There are a couple of items worth examining on this today.
The first one was a response ( obviously cleared with higher authority) to Iran's threats to close the Strait of Hormuz from the Bahrain-based U.S. 5th Fleet's spokeswoman Lt. Rebecca Rebarich, who warned Iran that any disruption "will not be tolerated." She added that the U.S. Navy is "always ready to counter malevolent actions to ensure freedom of navigation."
That statement sent oil prices down today, with benchmark crude falling 77 cents to $100.57 a barrel in morning trading and Brent crude falling 82 cents to $108.45 a barrel in London.
The second item is a piece by national-security correspondent Eli Lake in the Daily Beast that claims Israel and the US are currently arguing/negotiating over red lines that would trigger taking out Iran's nuclear infrastructure.
Reportedly, SecDef Leon Panetta's remarks to the Israelis at the Saban Center 3 weeks ago didn't go over well, especially combined with remarks by other Administration figures and surrogates. Ambassador Oren made a formal diplomatic protest, a demarche, which according to Lake led to him gettng assurances from th eAdministration about their own red lines for launching an attack on Iran's nuke sites and therefore the Israelis could just sit back and relax, relying on the Obama Administration to take care of things.
Unfortunately - I can't imagine why - the Israelis mistrust President Obama's intentions, and if Lake is correct, there's been a fair amount of ongoing haggling over those red lines the Israelis are being told about:
With Republicans lining up to court Jewish donors and voters in America in 2012, Obama faces a tricky election-year task of ensuring Iran doesn’t acquire a nuclear bomb on his watch while keeping the Israelis from launching a preemptive strike that could inflame an already teetering Middle East.
The stakes are immensely high, and the distrust that Israelis feel toward the president remains a complicating factor.

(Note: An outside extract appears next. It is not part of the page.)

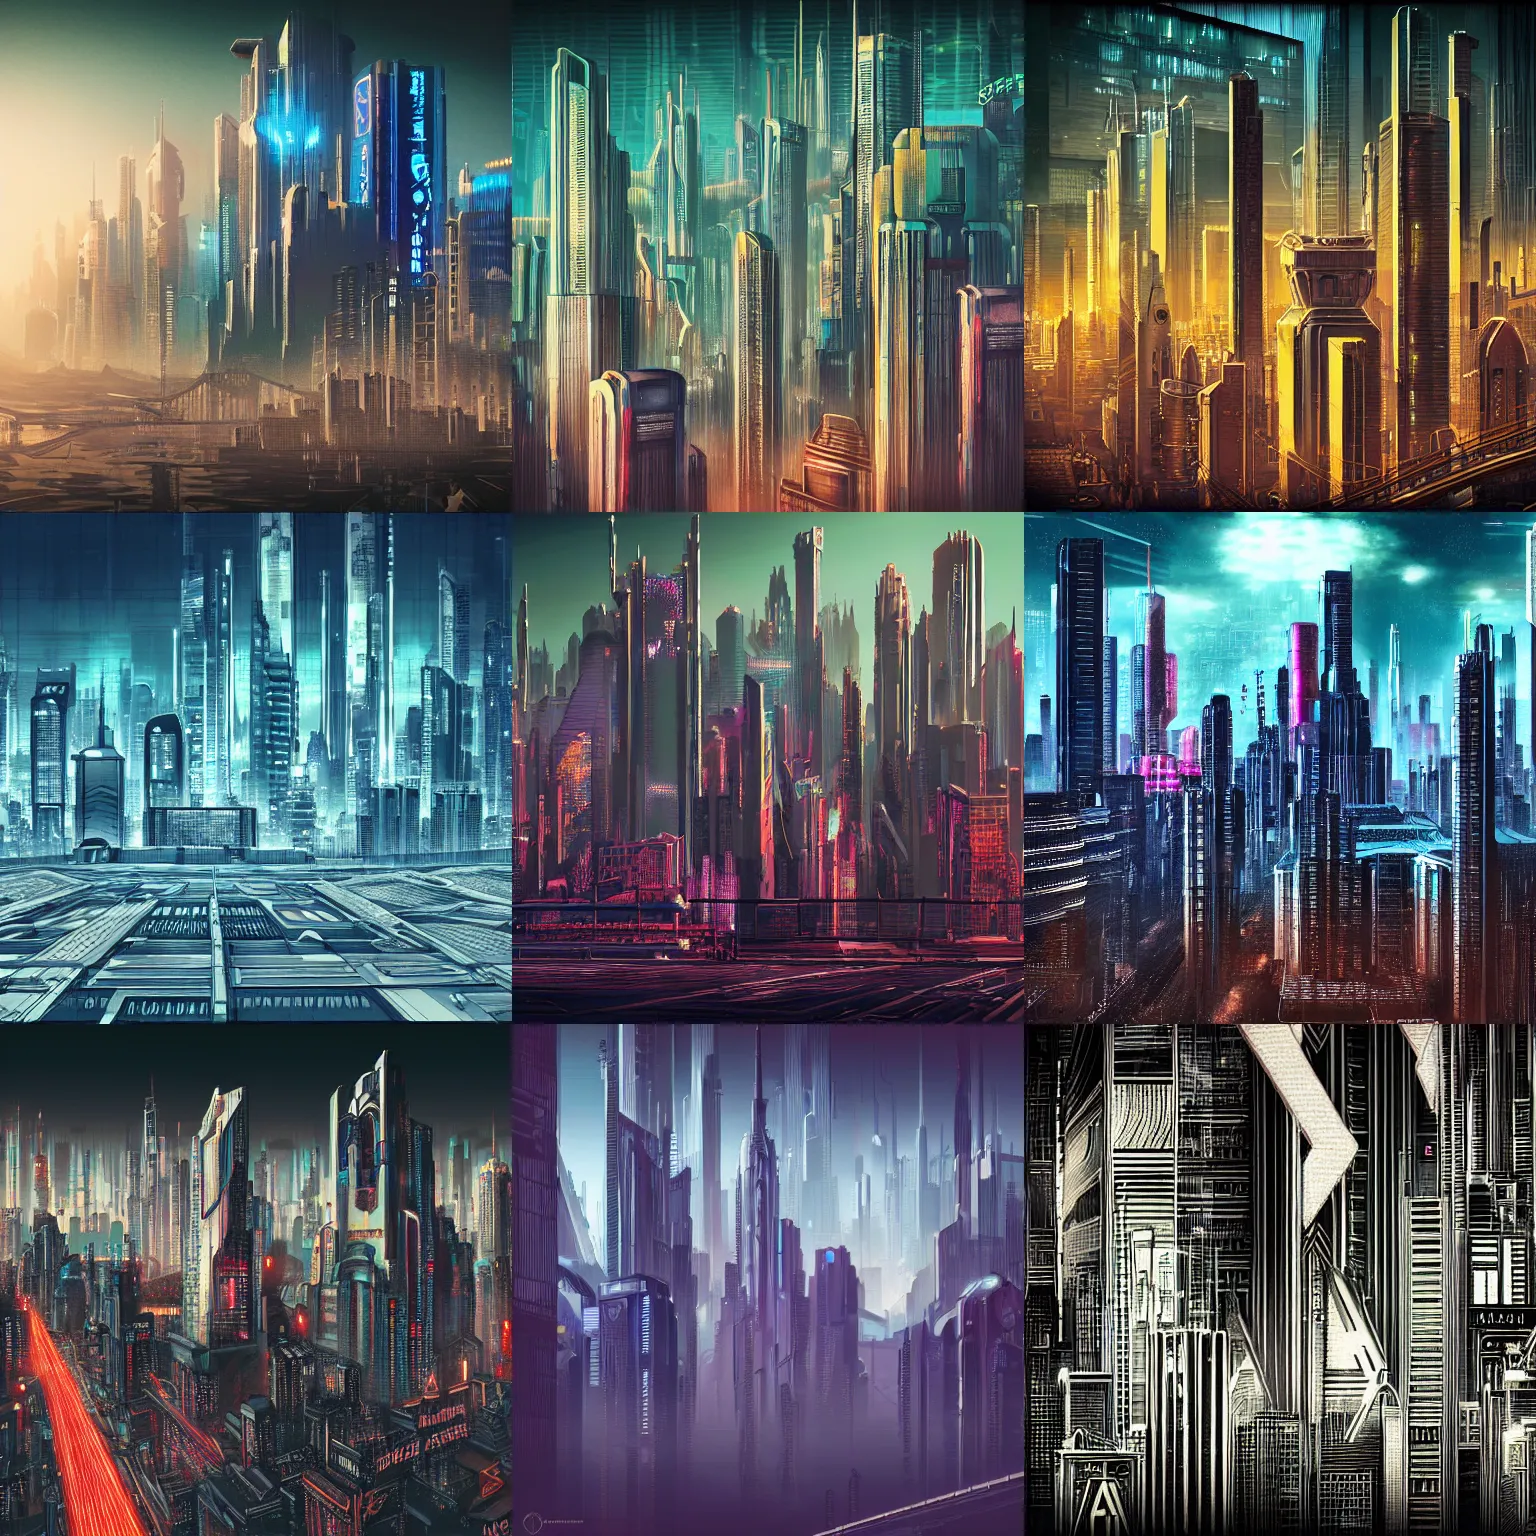 Prompt: beautiful detailed hyperrealistic photo of a cyberpunk art deco skyline

Those sentiments were laid bare in a speech Netanyahu’s minister of strategic affairs, Moshe Ya’alon, gave on Christmas Eve in Jerusalem, in which he used Panetta’s remarks to cast doubt on the U.S.’s willingness to launch its own military strike.
Ya’alon told the Anglo-Likud, an organization within Netanyahu’s Likud party that caters to native English speakers, that the Western strategy to stop Iran’s drive for nuclear weapons must include four elements, with the last resort being a military strike.
“The fourth element of this combined strategy is the credible military strike,” Ya’alon said, according to a recording of the speech provided to The Daily Beast. “There is no credible military action when we hear leaders from the West, saying, ‘this is not a real option,’ saying, ‘the price of military action is too high.’”
The two items are obviously related, with the somewhat bellicose naval rhetoric intended not only for the mullahs but for the Sunni rulers of the Gulf States, and also for the Israelis, in an effort to convince them to trust this president not to fold when it comes to the Iranian threat .
If the talks Lake describes are in fact being held and if that's the topic being discussed, there are going to be a number of things to be ironed out.
For one thing, the Israelis ( who almost certainly have better intelligence on the ground in Iran than we do) are convinced Iran is a lot further along with its nuclear weapons program than the Obama Administration is. They also are no doubt pointing out the every day of delay gives Iran more time to hide, disperse and harden its nuclear sites, making success in taking them out more difficult. The Israelis undoubtedly reason that the longer they or the Americans wait, the stronger Iran will be and the greater the possibility of casualties or failure.
On the other hand, the chief concern of the Obama Administration is politics. As I mentioned before, the Iranians have a suspicion that a down- in- the- polls President Obama might just try and revive his fortunes with a pre-emptive strike as an October Surprise in 2012. Part of the Iranian strategy is to warn him off by threatening to close the Strait of Hormuz, reminding him that an attack by the US or the Israelis or even meaningful sanctions could lead to a spike in world oil prices that could effect the US economy and the president's re-election prospects.
From President Obama's perspective, there's no question that he would rather delay any decision on a military strike on Iran until much later, depending on how his re-election campaign is going. Unfortunately, in order to do that, he's going to have to convince the Israelis to hold off.
If there actually are negotiations on Iran going on between the Obama Administration and Israel, that's the real topic of conversation. President Obama is likelyreaping the harvest of three years worth of distrust and discord he sowed with Israel and I doubt things are going smoothly.